Having worked on one of the largest deployments of HyperV and SCVMM in the APAC region I think I’ve got a fair perspective of how Microsoft’s virtualization technology behaves/works. I’ll divvy the topics up so things are clearer.

HyperV, the hypervisor

On it’s own, HyperV isn’t bad. You install the Windows Server 2012/2016 OS (the GUI-less version is recommended). You then enable the HyperV role, reboot and you’re ready to host your first VMs. I also believe you cannot go back and forth between GUI and GUI-less versions with 2016. Really easy to deploy your VMs.

The 2012 GUI-less (core that is) version lets you launch the various .msc’s whereas 2016 doesn’t (more on this later), from c:\Windows\System32 if you’re inclined to not use PowerShell (you’re doing it wrong if you aren’t using PoSh for most of your tasks). The 2016 version doesn’t allow these .msc’s to be launched because they just aren’t there. They want you to go with remote management (PowerShell/SCVMM) of your hosts and clusters (more on clusters in a bit).

Management: Assuming a 2012 host, you can manage it via the stock HyperV Manager console. Lets you do stuff such as power up/down VMs, attach/remove disk – the usual stuff. What you cannot do is a Storage Migration for instance from the GUI. After all, HyperV Manager is meant to manage single hosts. The GUI does let you add multiple hosts to manage them all but you switch across them just as you would with say the RDP Manager console. Of course with PowerShell you can do whatever you want to, migrations of any sort too.

Failover Clustering

This is one area where, I believe, HyperV trumps ESXi. Failover Clustering. This does not require SCVMM or any other management tool. You simply build 2 or more hosts, spin up a cluster like you would and bam, you have a high availability cluster ready. VMs can restart on surviving hosts in the clusters like you’d want them. So a failover cluster’s free to setup (read – not require expensive licensing).

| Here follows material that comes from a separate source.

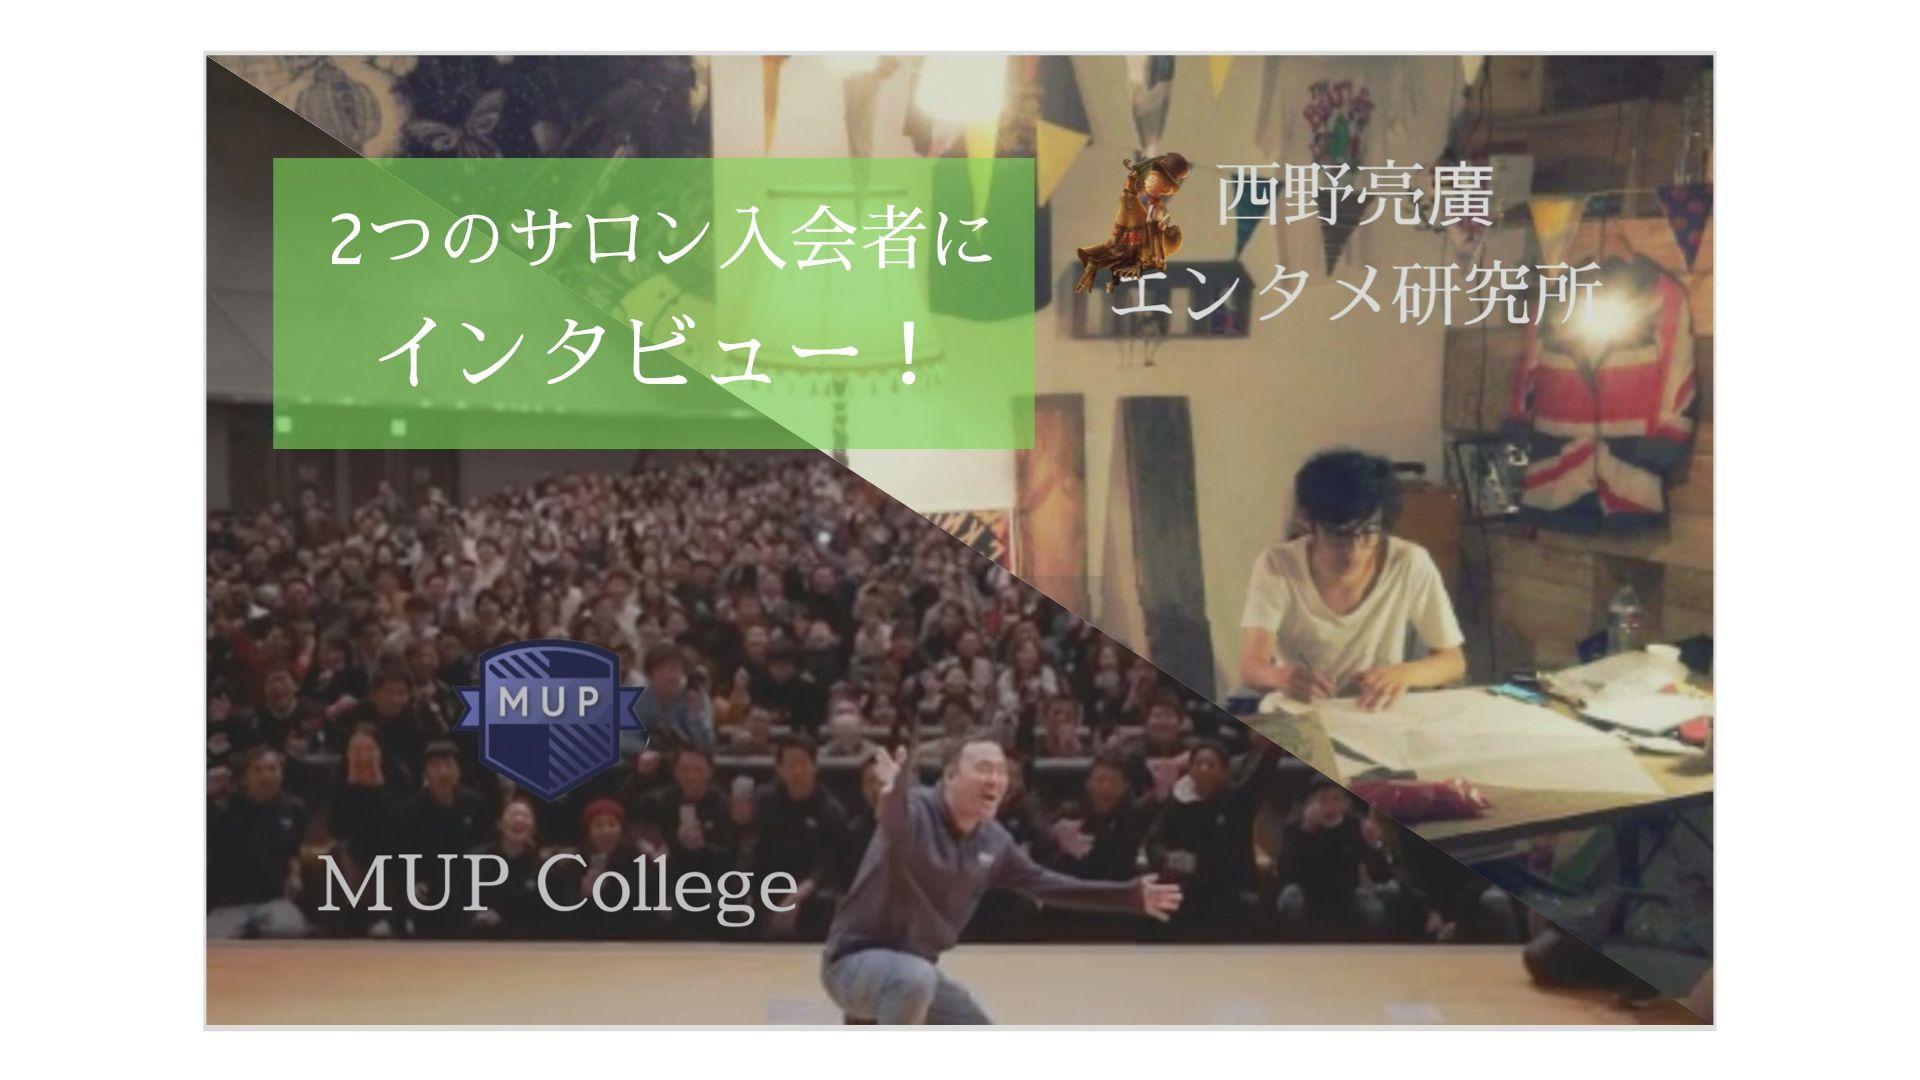 MUPカレッジ・西野亮廣エンタメ研究所 2つの入会者にインタビュー!

But it’s not all so straightforward. You HAVE to make sure you have the right patches installed on all your hosts, don’t do this and you risk downtime. DON’T just install any patches that have the word ‘cluster’ in them. You may not need all of them or worse they may make things worse. Work with your Microsoft rep to ensure you get the right patches. If you aren’t big enough to have a rep, make sure you run the patches up in a test cluster before rolling out into production – save your weekends and sanity (not necessarily in that order). Microsoft have these lists floating around somewhere about critical patches for clusters. Well, turned out my deployments needed 3 more patches apart from the ones listed in those patch checklists. So much for checklists, right?! Mind you, there wasn’t anything special about my deployments, just run of the mill clusters (3 of them when the issue occurred) running a few hundred VMs with run of the mill load profiles. Microsoft clearly didn’t finish their homework.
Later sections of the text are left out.